Born Again to Mary, the Holy Theotokos
In which Teófilo explains how his devotion to the Blessed Virgin Mary also took off in 1979.
Mary the Dawn, Christ the Perfect Day;
Mary the Gate, Christ the Heav'nly Way!
Mary the Root, Christ the Mystic Vine;
Mary the Grape, Christ the Sacred Wine!
Mary the Wheat-sheaf, Christ the Living Bread;
Mary the Rose-Tree, Christ the Rose Blood-red!
Mary the Font, Christ the Cleansing Flood;
Mary the Chalice, Christ the Saving Blood!
Mary the Temple, Christ the Temple's Lord;
Mary the Shrine, Christ the God adored!
Mary the Beacon, Christ the Haven's Rest;
Mary the Mirror, Christ the Vision Blest!
Mary the Mother, Christ the Mother's Son.
Both ever blest while endless ages run.
Amen.
~ Medieval English Hymn
I know that this entry’s title will be grating to those readers who aren’t Catholic or Orthodox Christians. Even some Catholic Christians who may be sympathetic to the Protestant deemphasis of Mary, the Mother of Jesus who is also God Incarnate, may find this essay’s title discomfiting. I understand, but I won’t retract it. Let me explain why.
I stand with the Catholic Church in knowing that our devotion to the Blessed Virgin is intrinsic to Christian worship (CCC 971). The elevated veneration we give to our Lady is no mere liturgical adornment or afterthought. The truth as we hold it is that one can’t worship as a Catholic Christian and not venerate Mary, the Mother of God.
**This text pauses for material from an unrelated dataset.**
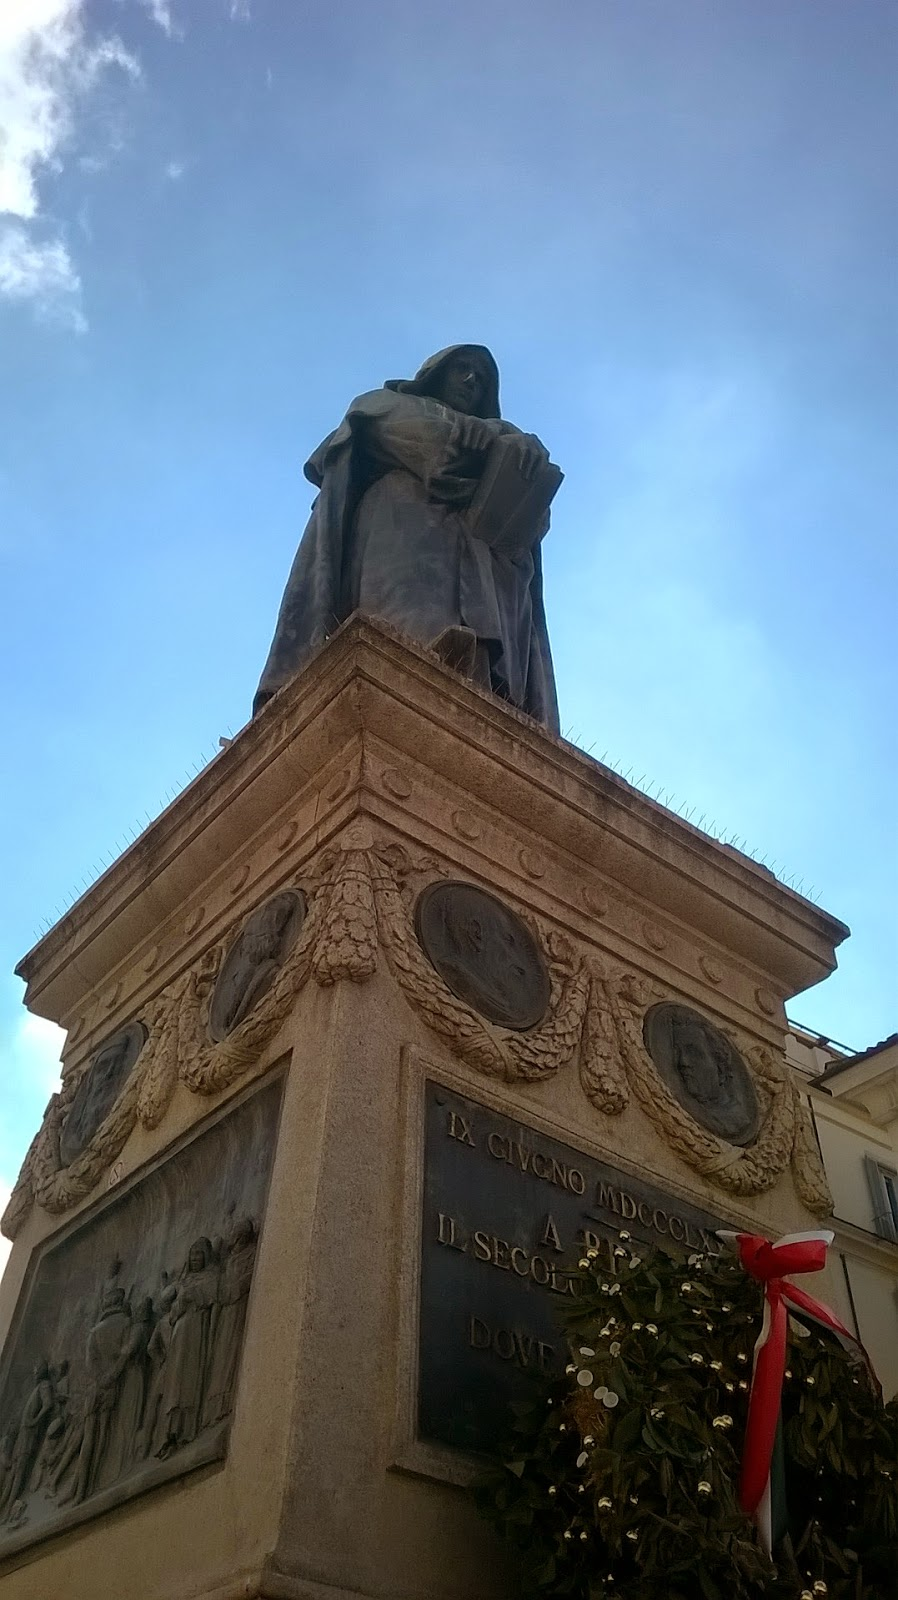 caravaggio, castel, castelo, cultura, Leonardo da Vinci, Mercato Campo di Fiori, navona, piazza, Piazza Navona, roma, itália,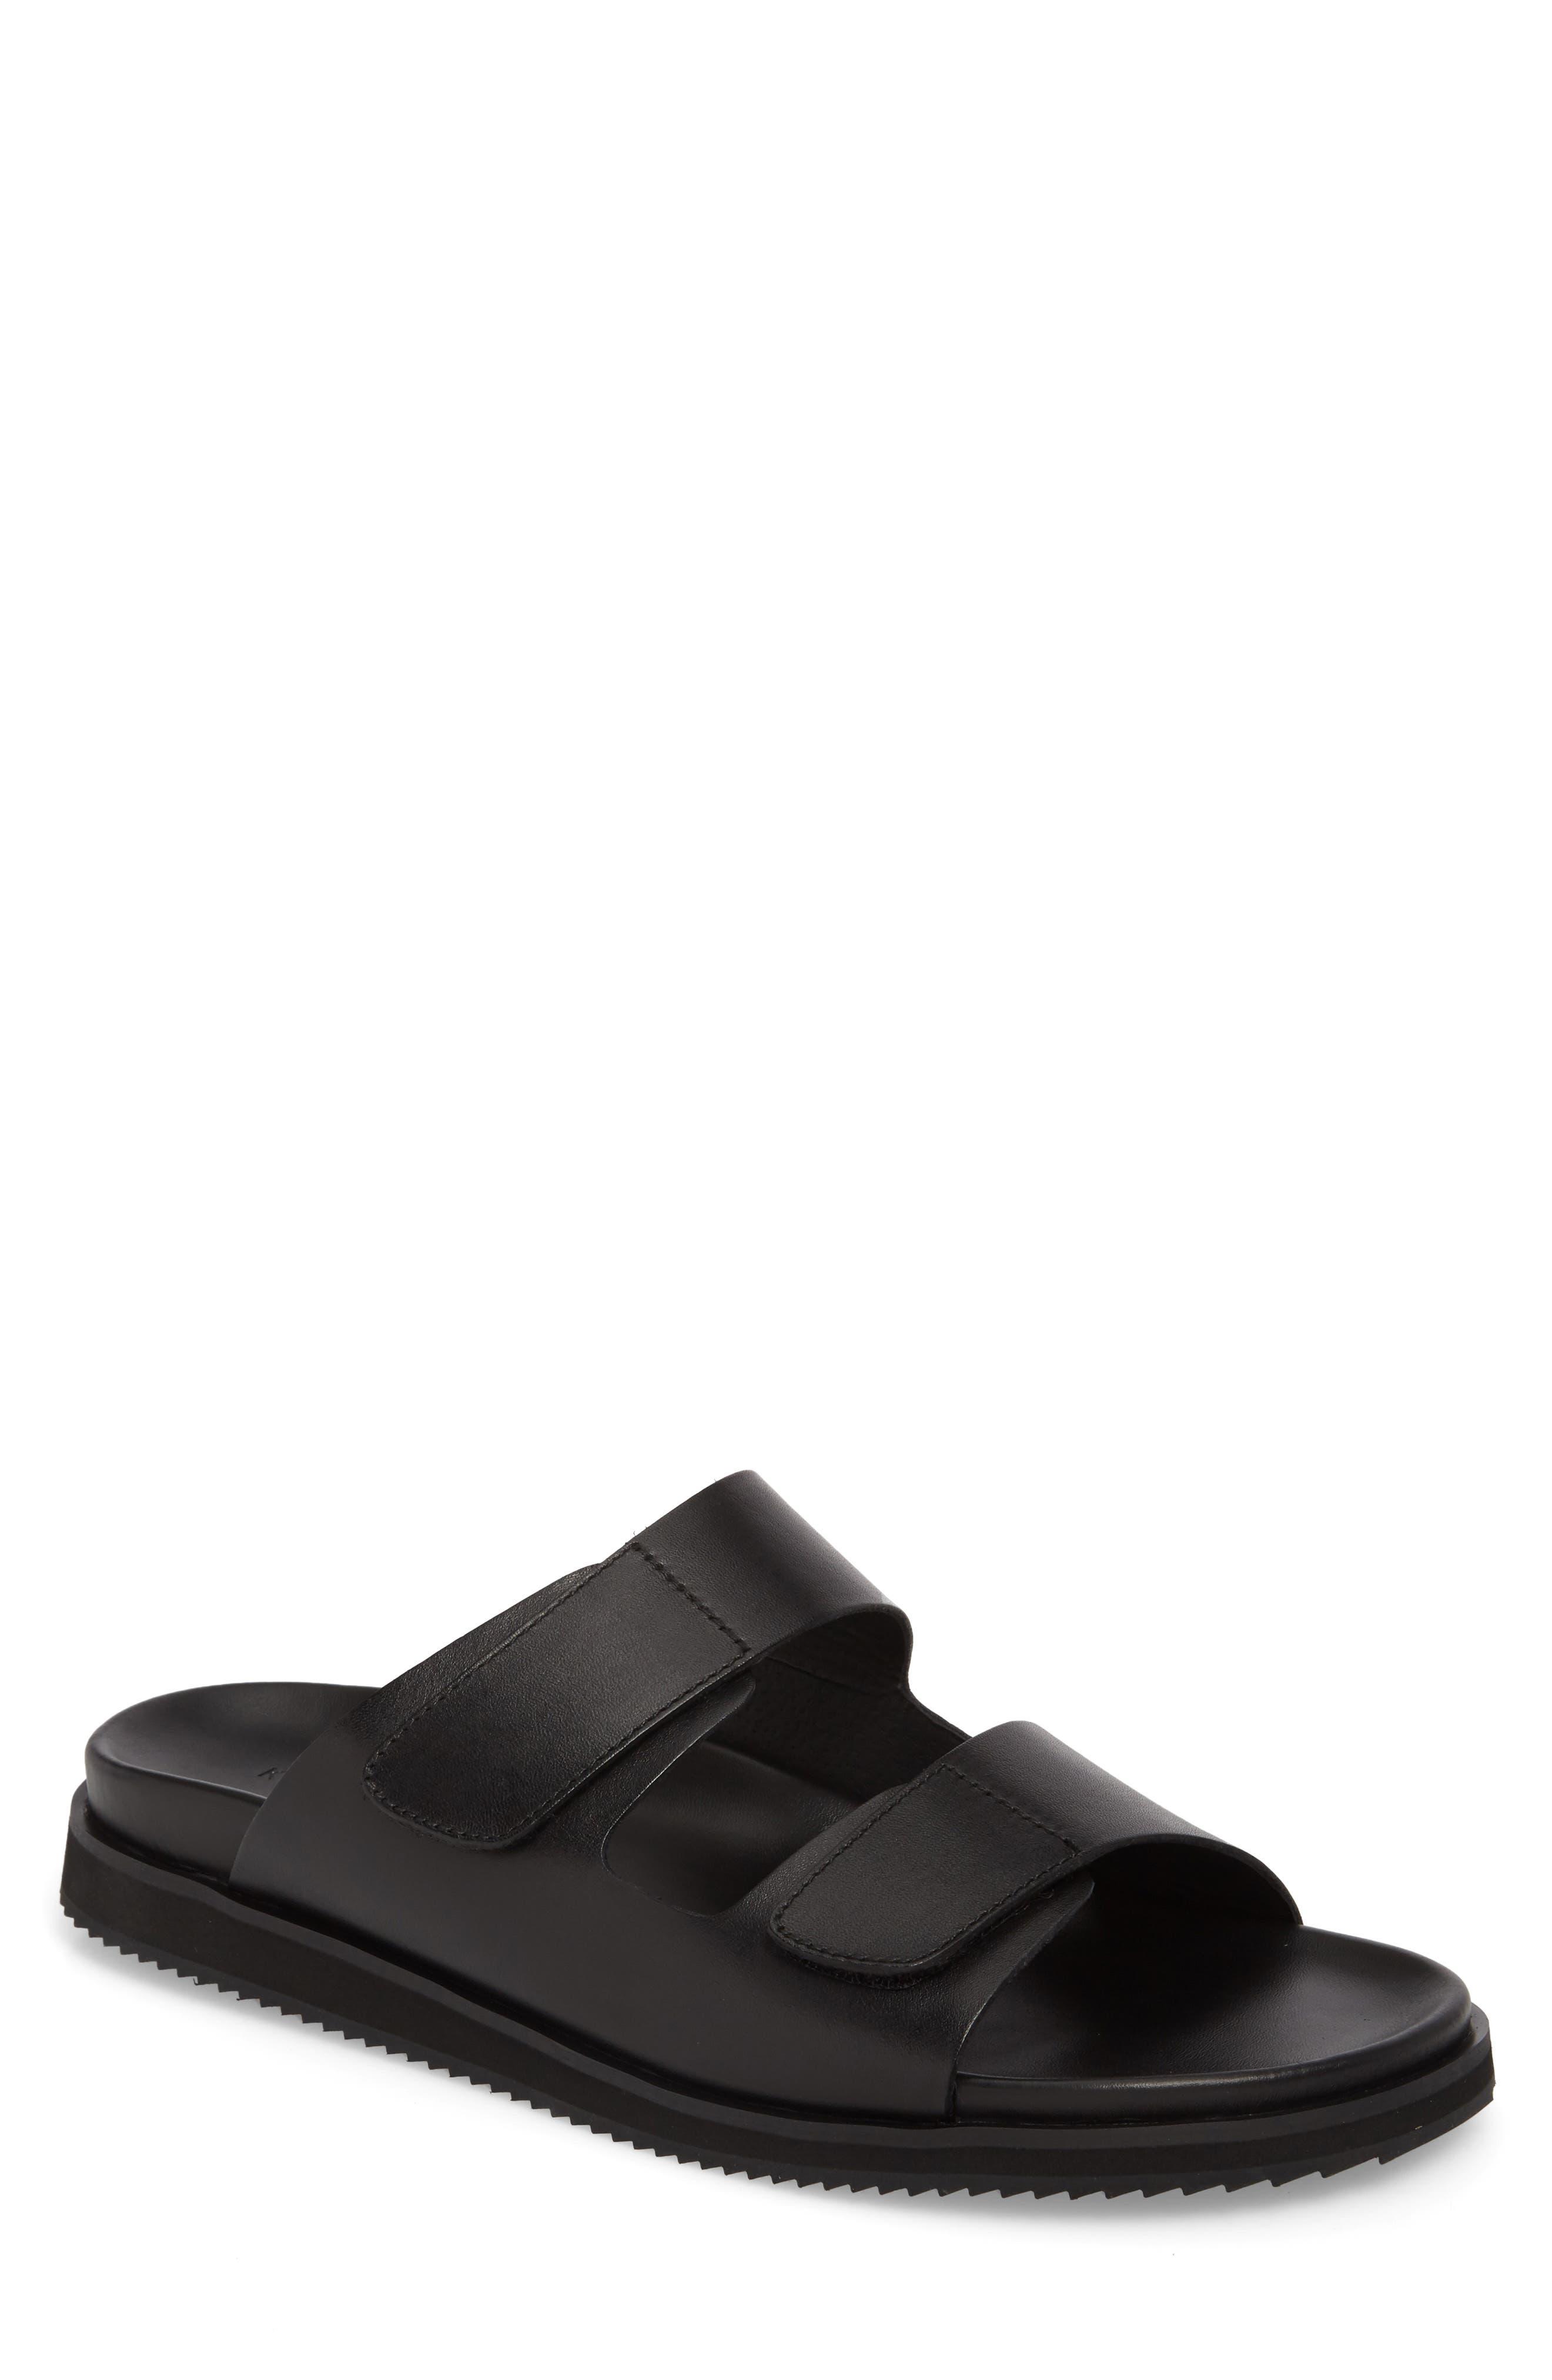 Story Slide Sandal,                         Main,                         color, Black Leather

Try as you may to erase Mary from the Church’s self-understanding and liturgy, you’ll only succeed by ceasing to be a Catholic Christian by cancelling her out from our faith. Let me explain what I mean.
Mary as Theotokos and Dei Genitrix
Without being exhaustive, let’s explore the scriptural foundations of Mary’s titles or “dignities.”. In the Bible we find Mother of My Lord (Luke 1:43b) and Mother of Jesus (John 2:1, 2:3: Acts 1:14). Knowing also that Jesus is God, coeternal with the Father (John 1:1) who became flesh, that is human (John 1:14), the Church extended the title Mother of God to Mary following the Scriptural logic. This teaching is known as Mary’s Divine Maternity. The first extra-scriptural title denoting this teaching was Theotokos, a Greek term meaning God-bearer. The closest Latin term was Dei Genitrix which means, literally, Mother of God.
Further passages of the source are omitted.